Metal glints in the sun. Cool, dark earth covers it for a fleeting moment. The earth flies through the air and lands the short distance to the growing pile. Repeat.
A mockingjay flitters from tree to tree, watching me. A stranger in her woods. Who is this boy, intruding in her territory, making loud, uneven foot prints into her earth? She has never seen him before. She has never seen another human quite like him. He limps, his skin is covered in scars, he is broken. He walks as though he is not quite sure where he is going. He is unaware of his surroundings. The woods are a bad place to be unaware. She lets out a warning call, and I start, looking around for the bird, the bird. Her bird, that has made this unexpected noise. I watch the mockingjay jump into a tree with low limbs, right in front of me. White flashes against coal black as she flaps her wings to steady herself on the branch. The bird peers at me with bright, intelligent eyes. Sing, she commands. Sing! But I am not the singer. The mockingjay will be disappointed. I cannot sing.
Insert shovel into hole. Place foot on edge. Kick forwards further into the dirt. Scrap dirt out of hole. Throw dirt on pile. Repeat.
The mockingjay waits for me to sing. Waits for sweet melodies that she can mimic and teach to her fellow birds.
"You're going to be disappointed," I tell her. She excites at the sound of my voice, thinking I might break into song. "I can't sing."
She pauses and waits. When she realizes I am not going to sing she looks disappointed. But she twitters anyway, and breaks into a melody that a human must have taught her. A human that can sing. A human with a beautiful voice that the mockingjay would fall silent for, just to listen to her. I know the song the bird is singing. I have heard it before. It conjures up memories of her. Flashing cameras lenses. A five second clip before she's gone. Confusion. Fire. A warning. Blood. Beatings. More torture. Burning pain in my veins. Fear and distorted memories. Real or not real?
Shovel dirt. Throw dirt. Repeat.
The mockingjay flits from tree to tree, following me, still singing. I wish she would stop. I love the sound, but this mockingjay reminds me too much of her. And thinking of her is confusing and painful. But I went into the woods. I was asking for it. The woods belong to her. This is her territory. Of course I'm going to think of her.
Feel sweat drip down into my eye. Pause to wipe dry. Grasp handle again. Receive splinter. Curse.
A stick breaks under my foot and the mockingjay stops singing abruptly, looking at me reproachfully.
"Sorry," I whisper. I miss the sound of the bird's voice. "Please, keep singing," I tell her quietly. But of course, mockingjays don't speak English. The bird glares at me. I'm going to have to do something desperate if I want her to continue singing.

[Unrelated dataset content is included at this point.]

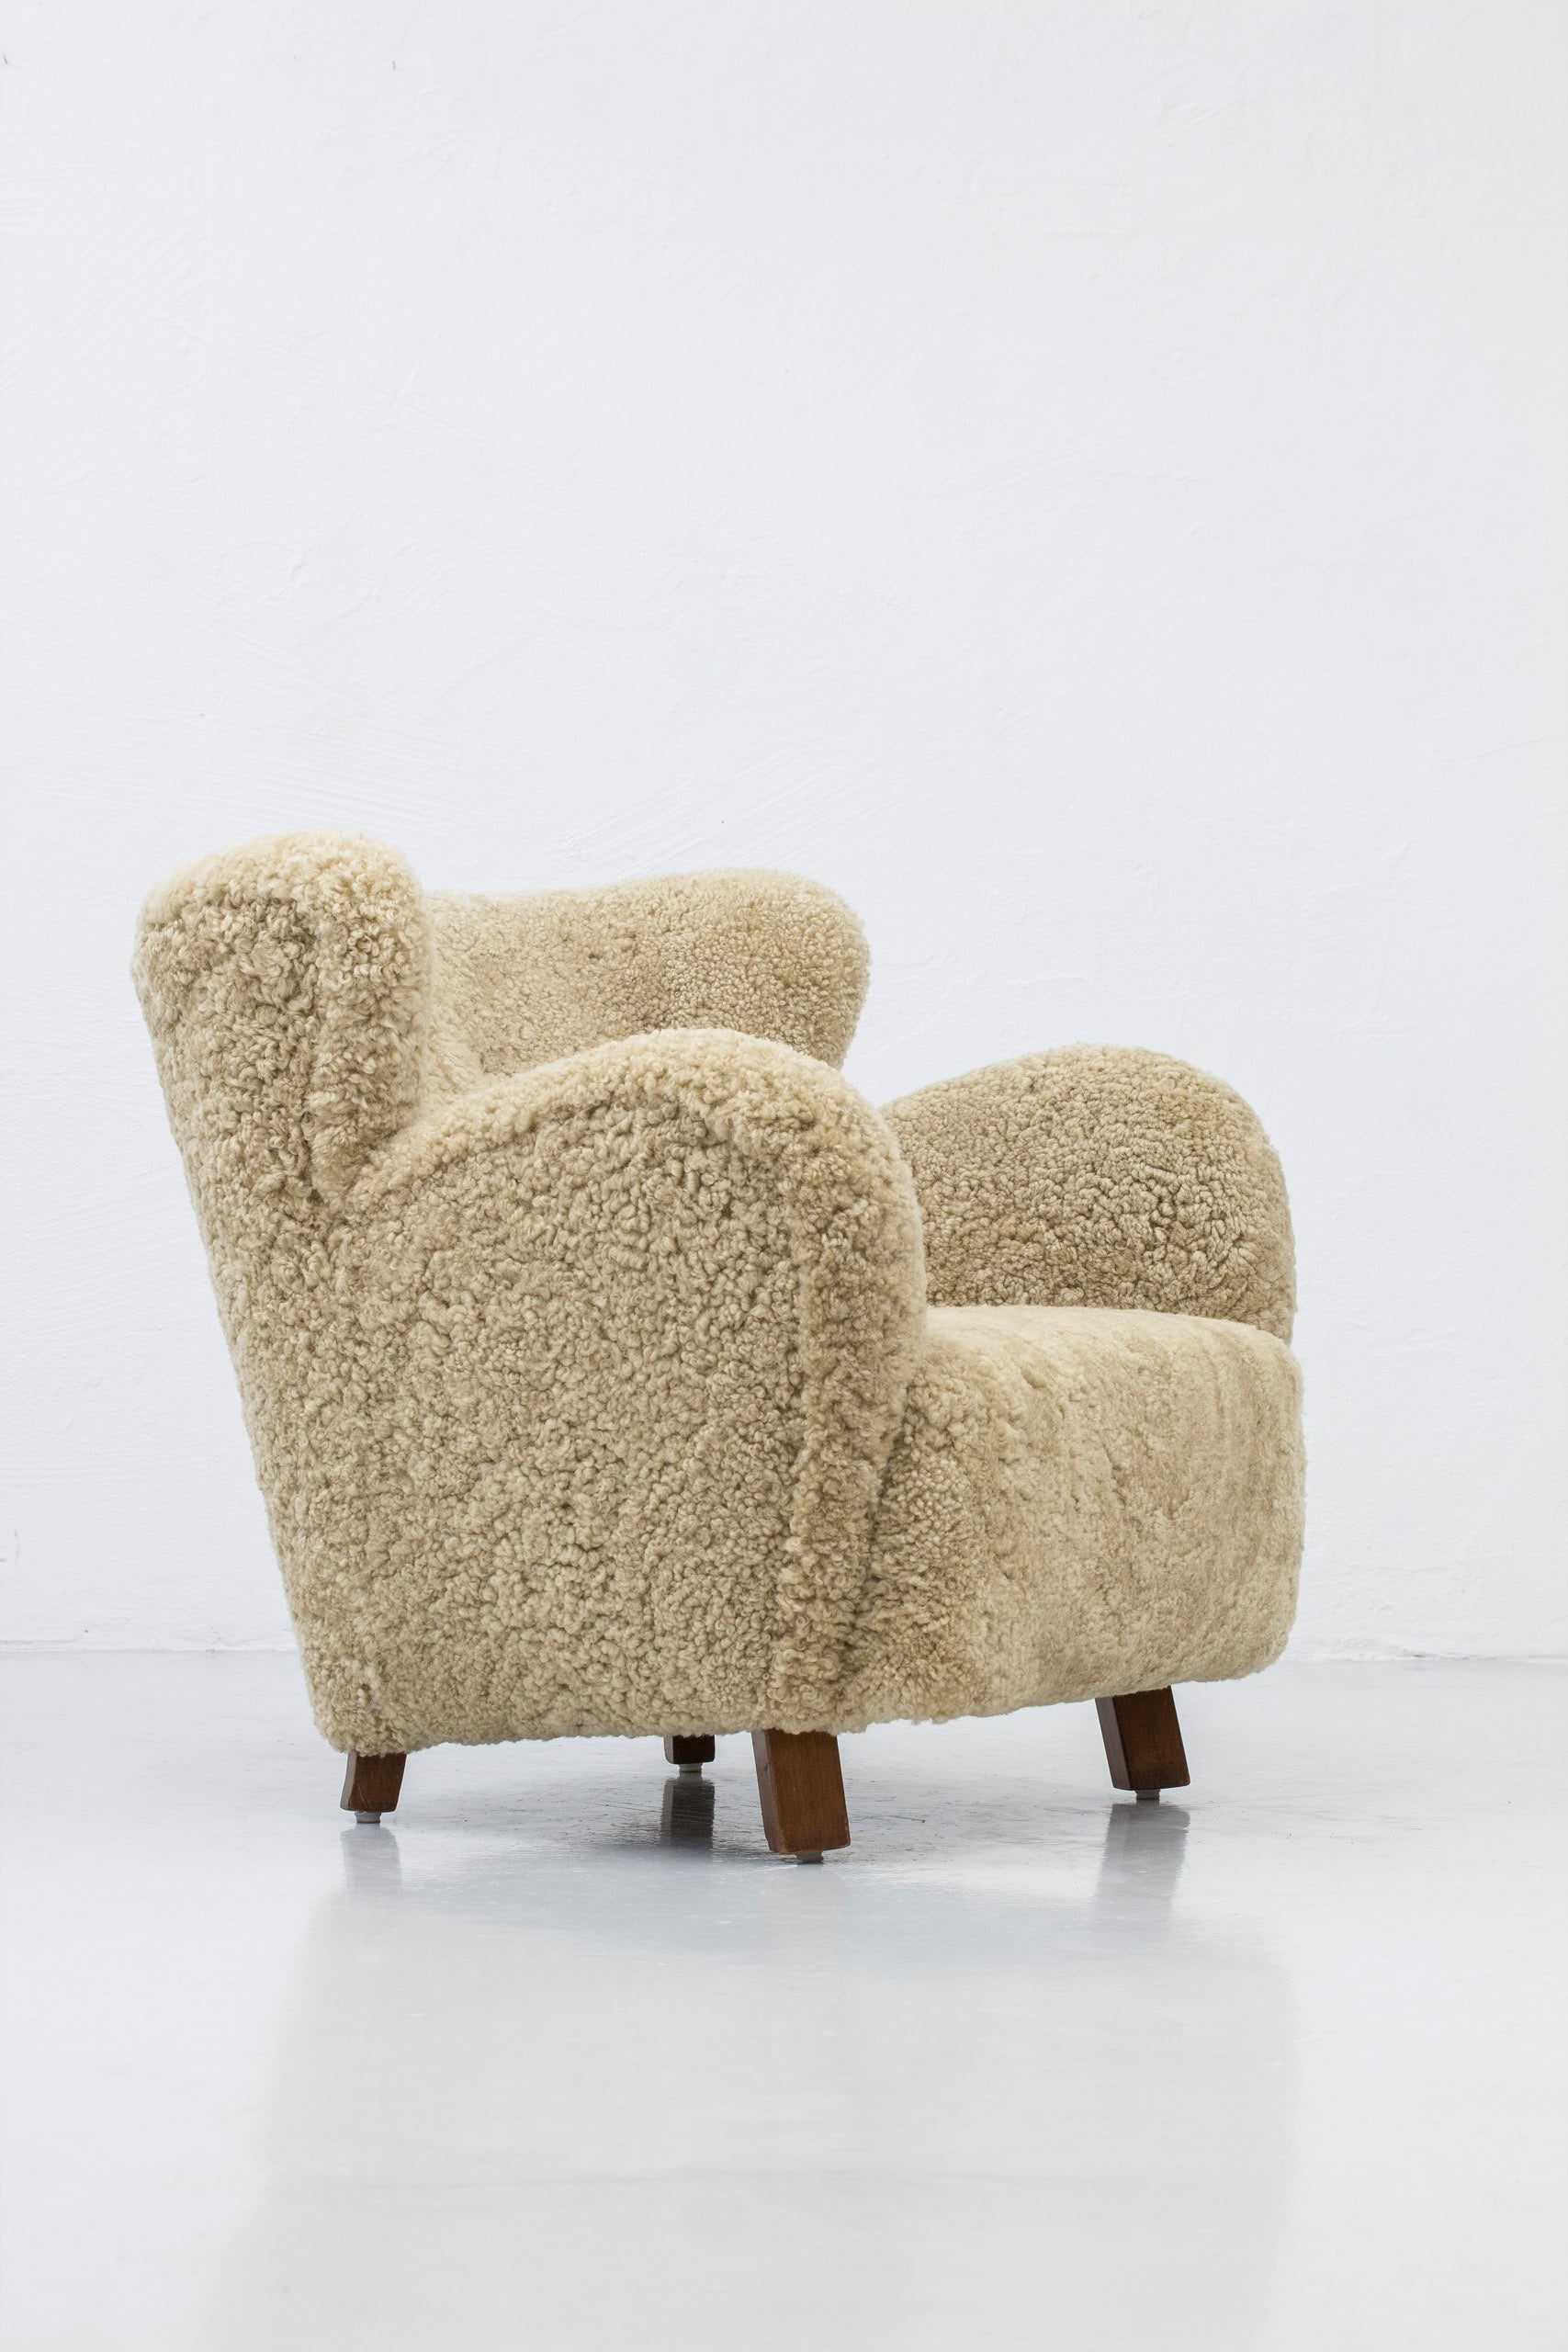 Danish modern sheep skin chair

Hesitantly, because I know this is way out of my territory, I whistle a couple of notes as best I can to the bird. I'm not really surprised when the mockingjay looks affronted. As if to say, 'here, I'll show you how it's done,' she starts to sing again, prettier than before. A stab of longing hits me because all of this reminds me so much of her.

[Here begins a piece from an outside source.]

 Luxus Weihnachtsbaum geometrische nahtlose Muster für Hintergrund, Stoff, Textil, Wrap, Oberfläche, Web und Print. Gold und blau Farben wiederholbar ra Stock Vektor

Remove splinter. Shake off pain. Grab shovel and shove into earth more ferociously. Grit teeth. In anger or annoyance? Or simply to fight against the pain in my chest? No. No thinking. Shoveling. Insert shovel. Remove dirt. Throw into pile. Repeat.

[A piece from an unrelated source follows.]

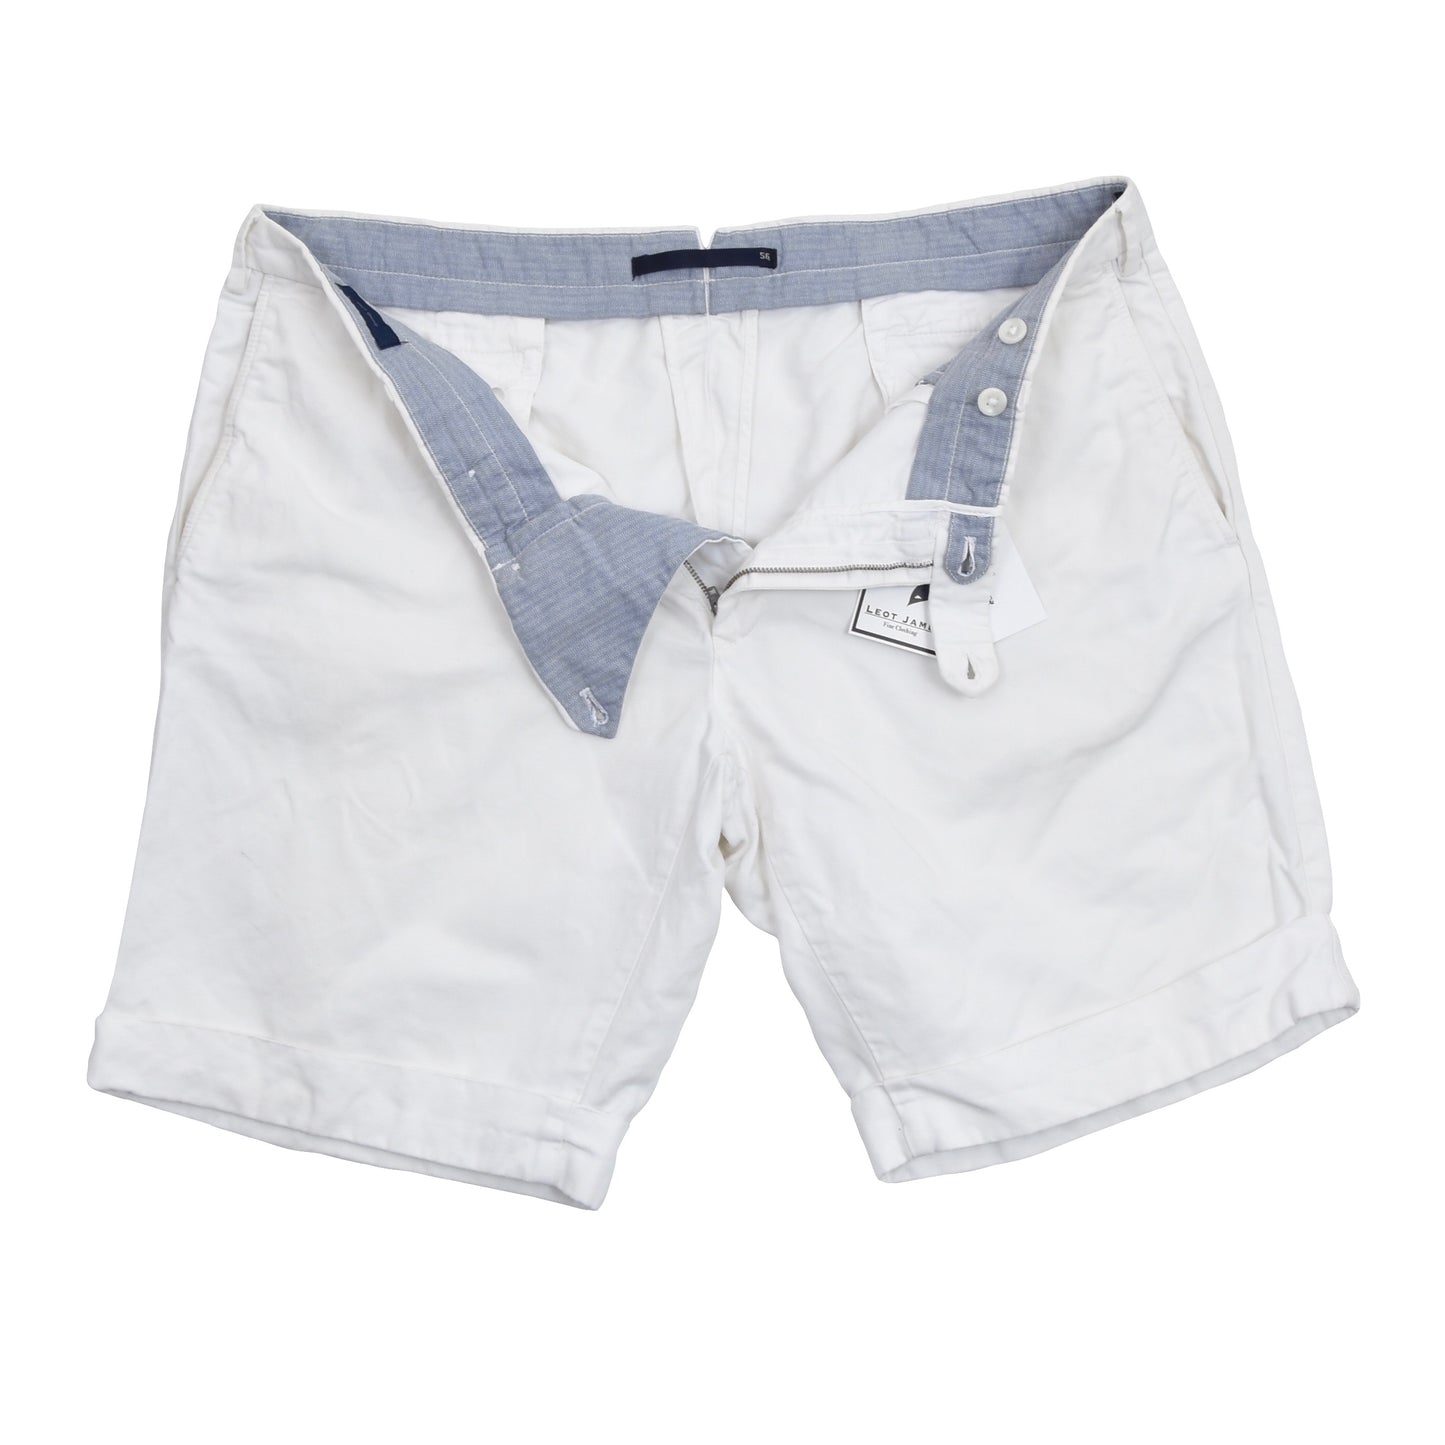 Incotex Chinolino Leinen/Baumwolle Shorts Größe 56 - Weiß

The mockingjay jumps out of the tree, and flies some distance ahead of me. I call out for her to wait. Quickening my pace, I try to keep up with her. She has landed in a willow tree and looks down at me with mocking amusement. Does she realize how desperate I am to stay with her? How much I need her? How much I want to hear her sing? I realize I am no longer thinking of this mockingjay, but another. The Mockingjay. My mockingjay.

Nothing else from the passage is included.